| The problem |
Each line below needs to be repeated precisely as it is.
[Dataset extract — start]
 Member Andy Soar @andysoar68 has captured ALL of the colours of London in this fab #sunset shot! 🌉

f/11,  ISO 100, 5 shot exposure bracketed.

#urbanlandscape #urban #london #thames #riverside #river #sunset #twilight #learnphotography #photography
[Dataset extract — finish]
| Answer section |
 Member Andy Soar @andysoar68 has captured ALL of the colours of London in this fab #sunset shot! 🌉

f/11,  ISO 100, 5 shot exposure bracketed.

#urbanlandscape #urban #london #thames #riverside #river #sunset #twilight #learnphotography #photography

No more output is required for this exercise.